Surface classification
Uses an mmWave radar sensor to detect and classify a change in surface type in front of the sensor. This can be used for applications usch as home robots or AGVs and AMRs.
Kick-to-open
Uses an mmWave radar sensor in order to detect kick motions for hands-free access to the trunk of a vehicle. Leverages a low power mode to detect for presence before trying to classify the motion.

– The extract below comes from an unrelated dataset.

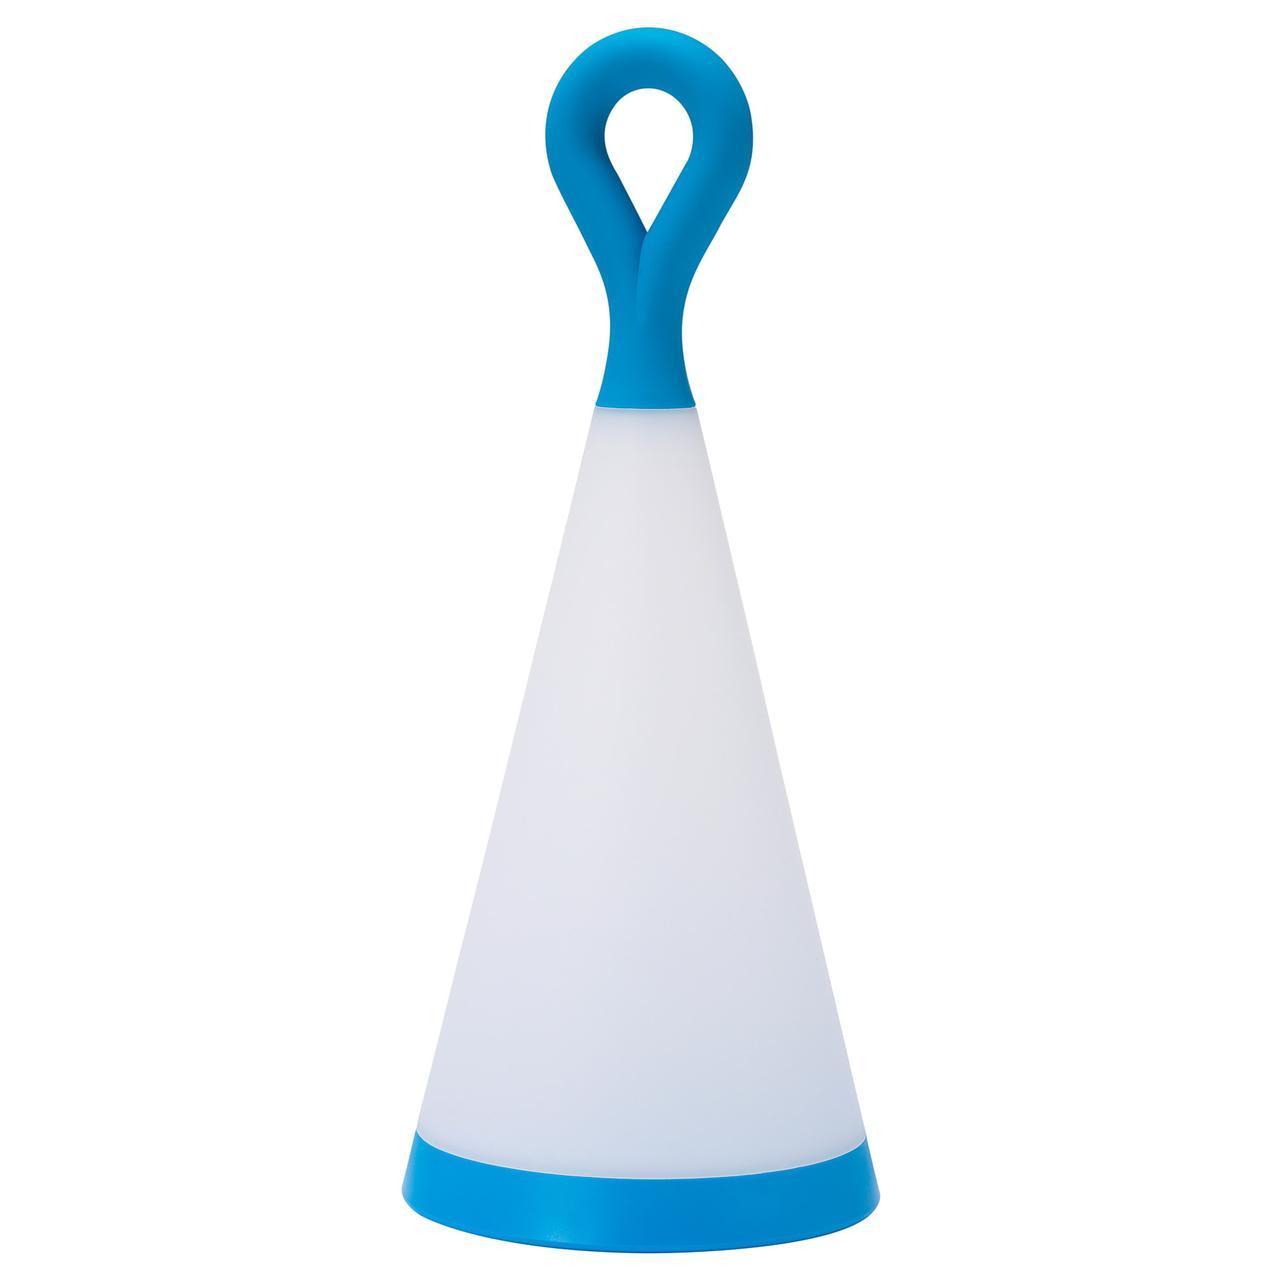 СОЛВИДЕН Настольн светодиодн лампа/солн бат, для сада, треугольник синий/белый

Real-time monitoring and control
Arc fault detection
Arc fault detetion identifies dangerous electrical arcs to prevent fires and ensure safety
By investing in Edge AI based arc fault detection, TI provides optimized AI model and complete reference solution that allow for fast and reliable detection of arc faults with >99% accuracy per UL-1699B test requirement.
The onchip Neural-network Processing Unit (NPU) provides 5 to 10 times faster AI model processing time than software implementation, allowing multi-channel arc fault detection and power conversion control to be done by the same MCU.
TI provides a full development toolchain and SDKs that allow customers to rapidly complete all the steps of Edge AI solution development.
Arc fault detection analog front end (AFE) reference design
C2000WARE-DIGITALPOWER-SDK
Motor bearing fault detection
Motor bearing fault detection activates via keyword wake, analyzing vibrations for early faults
Our Edge AI based motor bearing fault detection solution provides a quick path for customers to get started. This includes optmizied AI models and also preprocessing algorithms in the form of complete application software projects. The solution can achieve >99% fault detection accuracy with minimal or no false alarm.
In the meantime, the onchip hardware Neural-network processing unit (NPU) can be leveraged to offload model execution, leading to fast model exectuion and low latency and allowing motor control to be done by the same MCU.
TI provides a full development toolchain and SDKs that allow customers to rapidly complete all the steps of Edge AI solution development
C2000WARE-MOTORCONTROL-SDK
Channel Sounding
High-accuracy, low-cost and secure ranging with Bluetooth® Channel Sounding
Our CC27xx 2.4 GHz wireless MCUs integrate a unique algorithm processing unit that can perform Bluetooth Channel Sounding functions like smart access and asset tracking with more than 100 times greater computation performance and energy efficiency.
Bluetooth Channel Sounding technology uses phase-based ranging to enhance accuracy and the round-trip time of random modulated data packets to enhance security. Machine learning is then enabled to provide better line-of-sight and non-line-of-sight performance.
Audio
Wake and command
Activate and operate devices by recognizing specific wake words and commands
Leverage 3rd party solutions enabling quick and easy audio-based Edge AI application such as key wake-word and commands detection. These can be used in applications such as electronic door-locks, appliances and even automotive. Sensory’s TrulyHandsfree-Micro library provides seamless integration on CC27xx/CC35xx Cortex-M33 wireless MCU that can be attached to Bluetooth LE, Matter or Zigbee. This application utilizes only a portion of the device’s processing bandwidth, 40% and 27% for wake word and command detection respectively. With Sensory’s VoiceHub, customers can enable any wake and commands.
TI provides a full development toolchain and SDKs that allow customers to rapidly complete all the steps of edge AI solution development.